Legacies have no sway in this region and there is no pull based on College Athletics either.  There’s no loyalty to a particular institution in the Northeast, every student is a Free Agent looking for a school to make them a deal. Those that are in the top third of their class in affluent counties can get this deal if they are geographically flexible.  The ones that fail to exercise this great advantage that they have may absorb greater debt and a college experience that is less enjoyable.

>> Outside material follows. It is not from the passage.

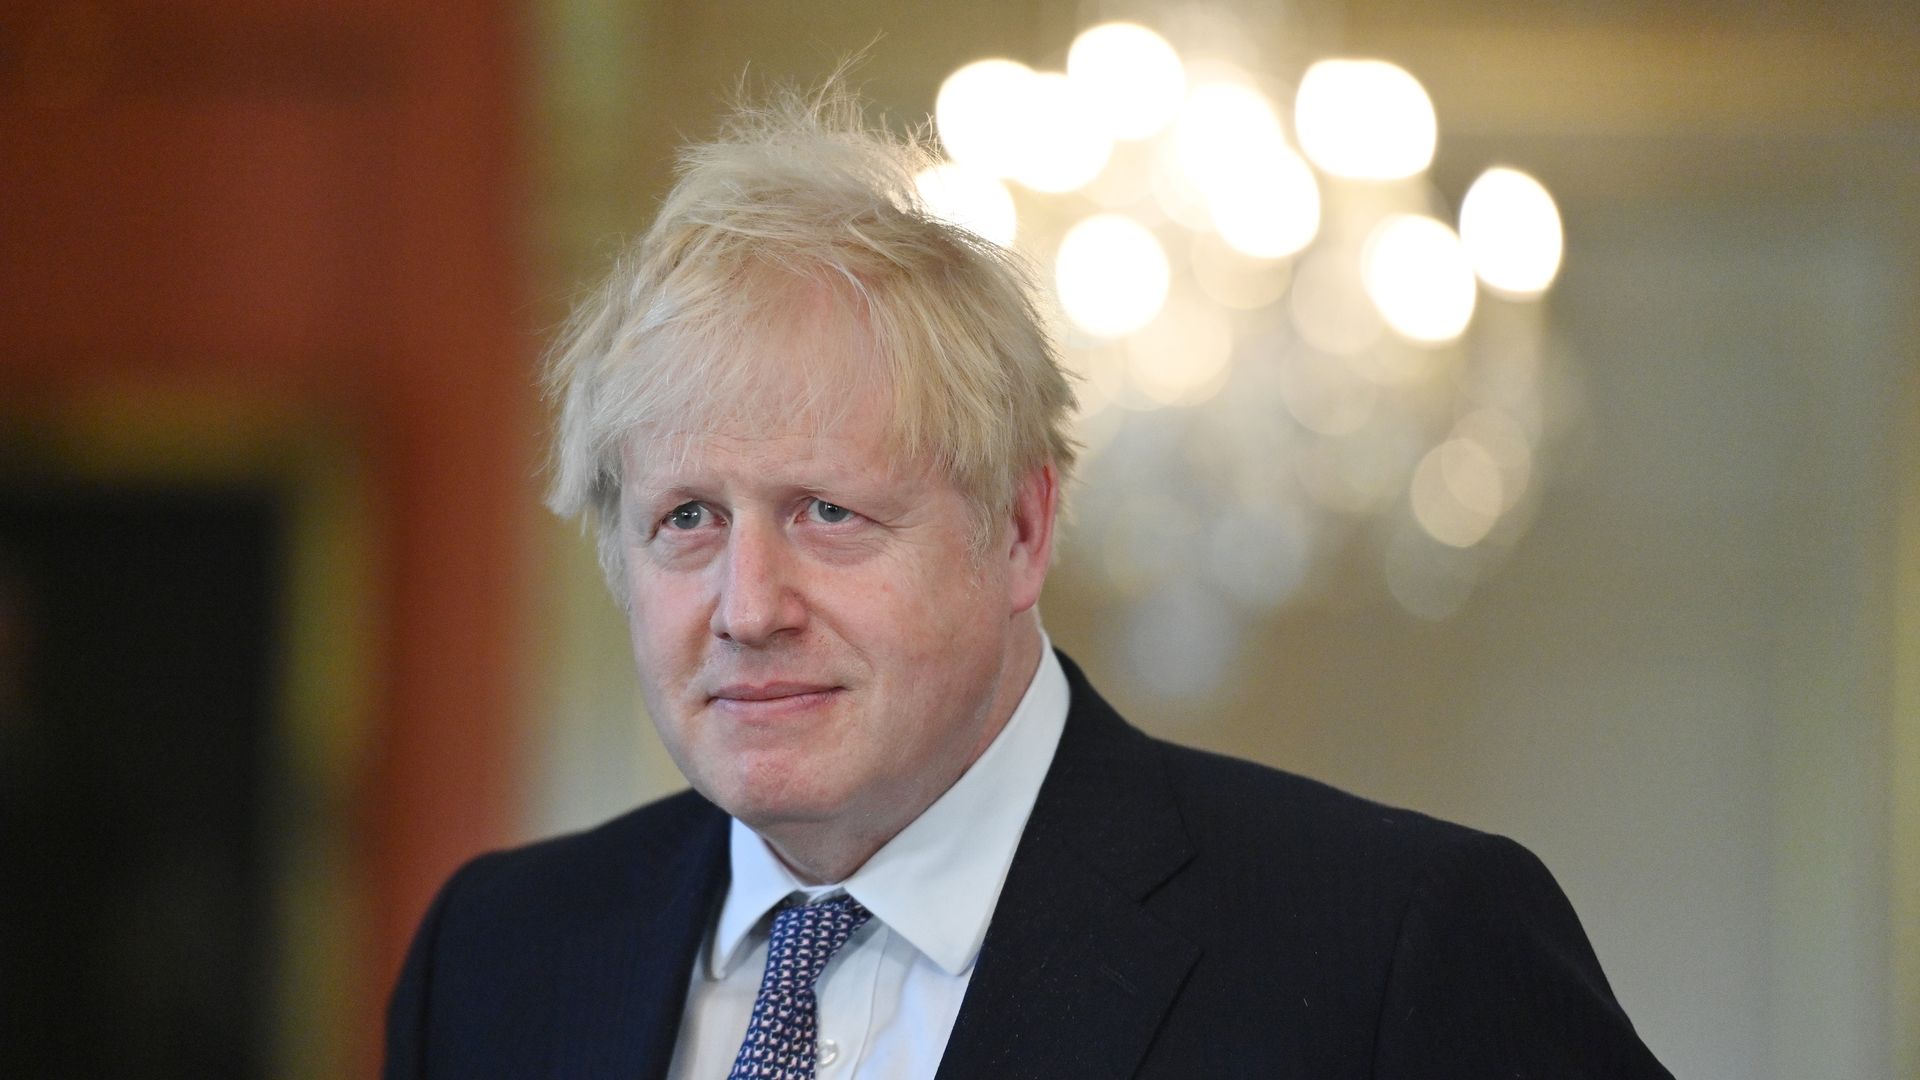 Boris Johnson, the Prime Minister of the U.K.

New York State has the distinction of being rather large in area, the distance between the affluent suburbs of the New York City and the most prominent in-state public institutions is rather far.  There is a lack of centrality and it stands out in a State that arguably could be as many as five states being connected as one.  The four suburban counties of the New York City area (Rockland, Westchester, Nassau, Suffolk) require quite a bit of travel to Buffalo, Binghamton and Albany.  Only one prominent public option is available to those in the so-called “Downstate”, SUNY-Stony Brook, which is between a 1 hour 45 minute and 2 hour 30 minute ride on the Long Island Railroad from Penn Station.  This should be a longer and more frustrating commute this Summer and Fall.

Port Jefferson, New York to SUNY-Albany


Oceanside, New York to Binghamton University

Chappaqua, New York to the University at Buffalo

Limited local options, proximity to other states and academic powerhouse High Schools provide incentive to these students to go out-of-state.  The Excelsior Scholarship offered by New York State was a response to this issue of students leaving the State, but the creepiness and restrictiveness of the contract to receive the tuition scholarship may turn off those with options.  Serfdom to a State is not exactly appealing.  Underfunded and overcrowded schools with generally miserable environments lack appeal.

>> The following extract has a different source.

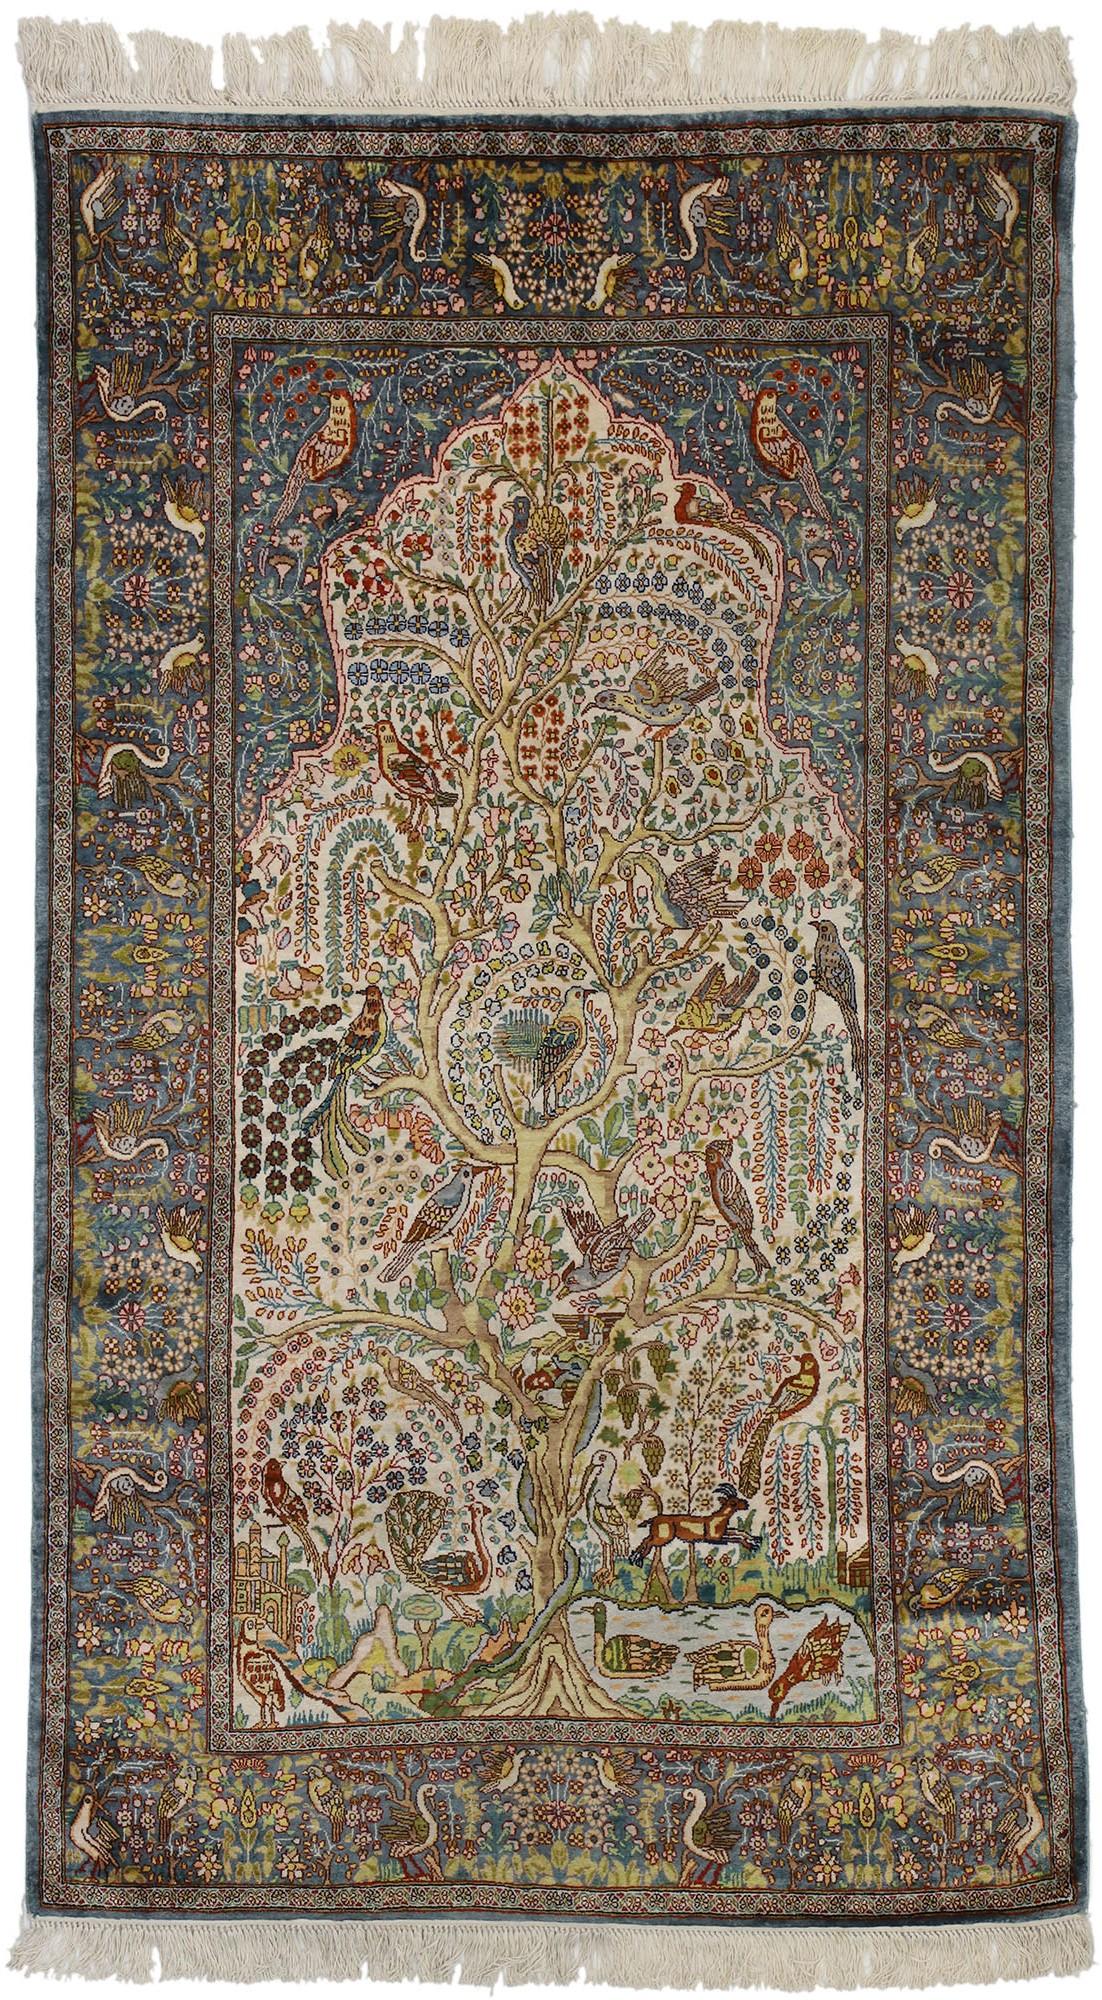 77259 Arbre de vie design vintage tapis de prière turc Hereke, tapisserie murale Jardin du Paradis. Ce tapis de prière Hereke vintage en soie nouée à la main présente un motif d'arbre de vie et un style ottoman. Présentant un tapis de prière à la

If the commute from the student’s hometown to the college town is going to be four or more hours, why not travel just as far or even further and actually get treated better in another State?

The Exodus from the Bos-NY-Wash Corridor is REAL

In August 2016, The New York Times ran an article called The Great Out-of-State Migration, which was really one giant infographic documenting the in-flows and out-flows of college students between the states.

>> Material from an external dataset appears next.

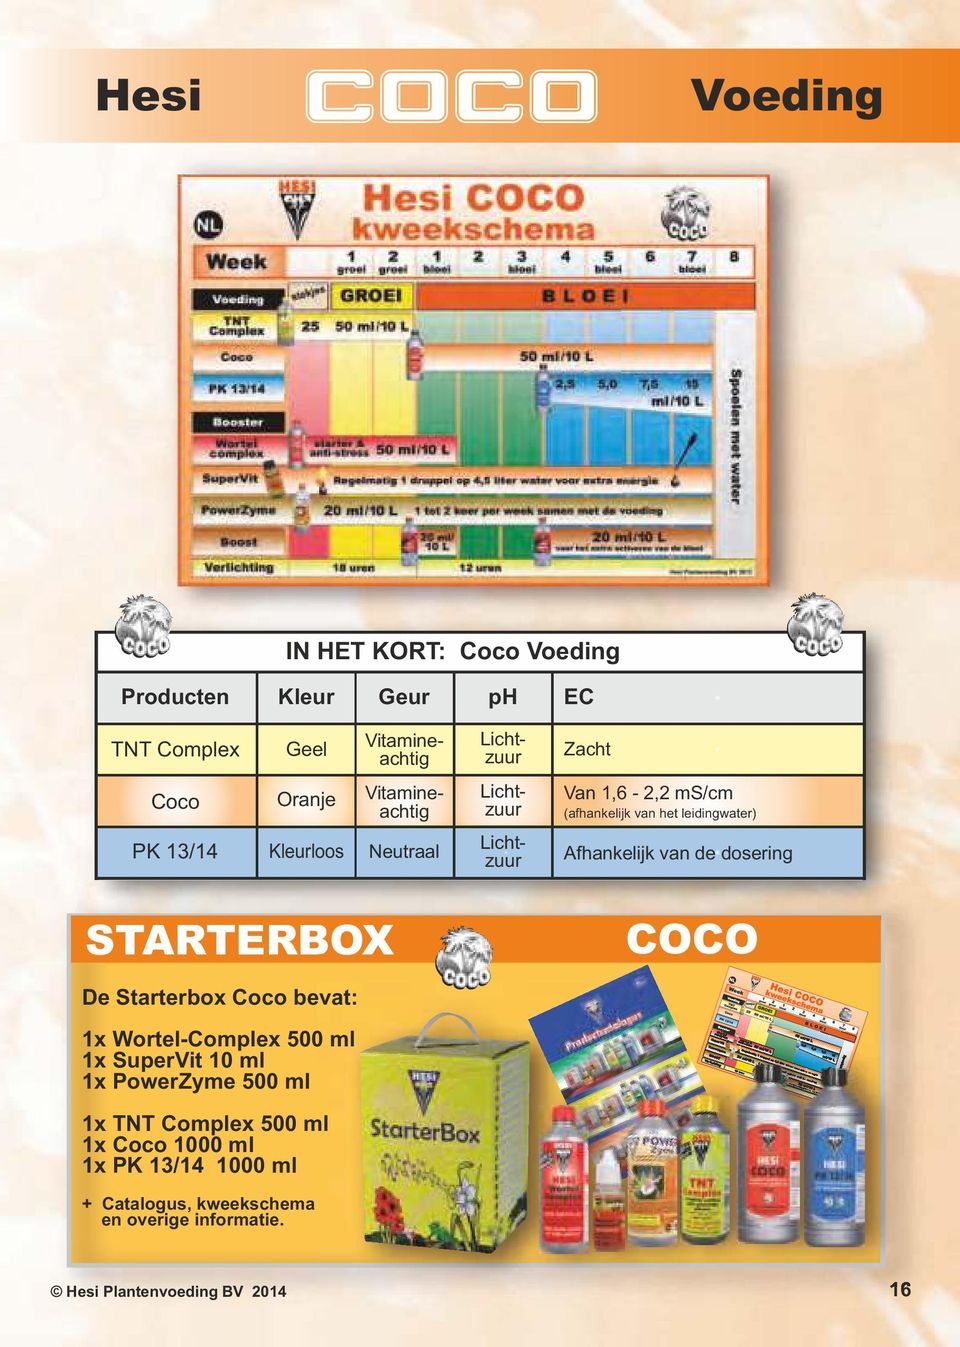 Afhankelijk van de dosering STARTERBOX COCO De Starterbo Coco bevat: 1 Wortel-Comple 500 ml 1 SuperVit 10 ml 1 PowerZyme 500

Proximity, quality of local options and affluence feeds into the exodi of all of these states.  The University of Delaware, University of Maryland – College Park, Towson State University, University of Pittsburgh, Pennsylvania State University – University Park and Temple University are the major recipients of Out-of-State students.  Through a blend of relatively more aggressive scholarships to top talent, easy commutes and well-executed marketing in the New York City Metropolitan area, these institutions are able to balance out the outflows of students to some extent.

It is noticeable that many end up leaving the region altogether.  South Carolina and Florida stand out for their ability to attract students from the region.  In the case of Florida, the students typically have family in Brevard, Palm Beach or Broward Counties.  When it comes to South Carolina, the students that leave for the University of South Carolina-Columbia or Clemson University are often followed by their impressed parents looking to purchase real estate near Lake Murray, Lake Hartwell or Lake Keowee.

The Top 5% of the graduating classes may be electing to stay in the Northeast, but the top third are able to collect scholarships with ease from public universities, if they know where to look and they have figured it out.

Even States with Major Public Institutions Have Outflows

Would it be surprising to read that students from California, Minnesota and Illinois are leaving their home states in droves?  It’s true.  These Progressive States with large percentages of affluent suburbs themselves are exiting as well.  Some of these students are just following their families out and they happen to be considered part of the exodus.

Midwestern states have something that Northeastern states do not, tuition reciprocation.  The Midwest Student Exchange Program enables students to attend a school in the Midwest at a far lower cost than out-of-state tuition, which provides students with more options.  This does make it tougher for schools outside of the Midwest to get students out of the region, but it certainly is not impossible with enough money.  Illinois students can get reciprocity from Kansas State University, University of Kansas, Wichita State University, every University of Missouri campus except Rolla and Columbia, University of North Dakota and North Dakota State.  Minnesota and Ohio students can get reciprocity from the University of Nebraska-Lincoln.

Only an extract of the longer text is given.